Instructor: Instructor: Dr. István MIKLÓS
Text: handout. We will also use some chapters from Dasgupta-Papadimitriou-Vazirani: Algorithms and Miklós: Computational Complexity of Counting and Sampling.
Prerequisite: General mathematical experience up to the level of elementary algebra, calculus and combinatorics is expected. Very elementary probability theory is also needed.
Course description: The central and steady question of computer science is: “how to compute it?”. What changed during time is what we wanted to compute. In the ‘60s, decision and optimization problems were centre of interest.
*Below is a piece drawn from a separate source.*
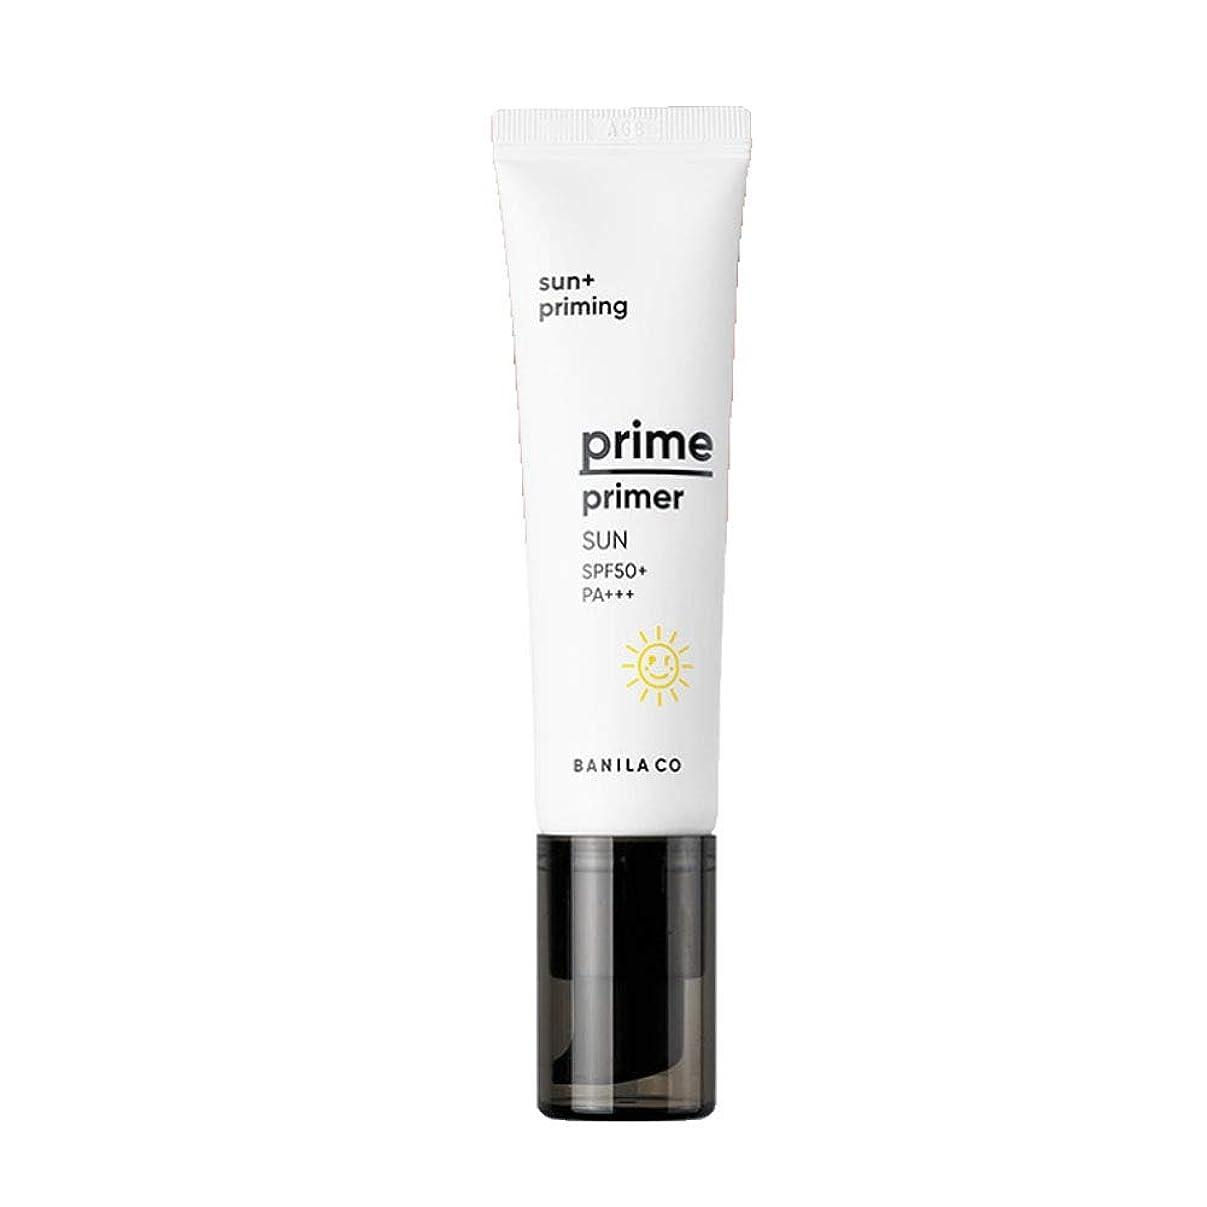 毛細血管成功する愚かバニラコプライムプライマーサン30mlサンクリーム韓国コスメ、Banila Co Prime Primer Sun 30ml Sun Cream Korean Cosmetics [並行輸入品]

Nowadays, in the age of exabytes and the internet of things, we would like to mine information and knowledge from data, and want to teach computers to automatically do tasks (like classifying objects). The aim of this course is to give an overview of the most important algorithms invented in the last 60 years. There will be special emphasis to highlight the similarities between the classical and modern approaches. This course is an introductory course, however, it gets demanding quite rapidly.
Topics:
- Basic notions: algorithms, running time, asymptotic behaviour. The O, \Omega and \Theta notations. The growth of the functions. Polynomial, supra-polynomial, sub-exponential, exponential growth. Very brief introduction to computational complexity: the P, NP and NP-complete classes.
- Dynamic programming. Money change problem, Knapsack. String processing algorithms: edit distance, longest common subsequence. Shortest path algorithms. Algebraic dynamic programming: universal algorithms for deciding, counting and optimizing.
- Divide and conquer. Karatchuba’s fast multiplication. Fast matrix multiplication. Mergesort. The master equation.
- Sorting algorithms. Bubble sort, heapsort, quicksort.
- Hidden Markov Models: The Viterbi and the Forward algorithm. The Backward algorithm, Baum-Welch training: the Expectation-Maximization algorithm.
- Clustering algorithms: Hierarchical and non-hierarchical clustering. UPGMA, Neighbor Joining. The k-mean algorithm.
- Markov Chain Monte Carlo: The Metropolis-Hastings algorithm. Gibbs sampling. Parallel Tempering. Connection to modern theoretical computer science: hard counting and sampling problems that are easy to approximate. Example: the Karzanov-Khaciyan Markov chain on the linear extensions of partially ordered sets.
- Statistical learning algorithms: (if time permits) Classification methods. Artificial neural networks, support vector machines.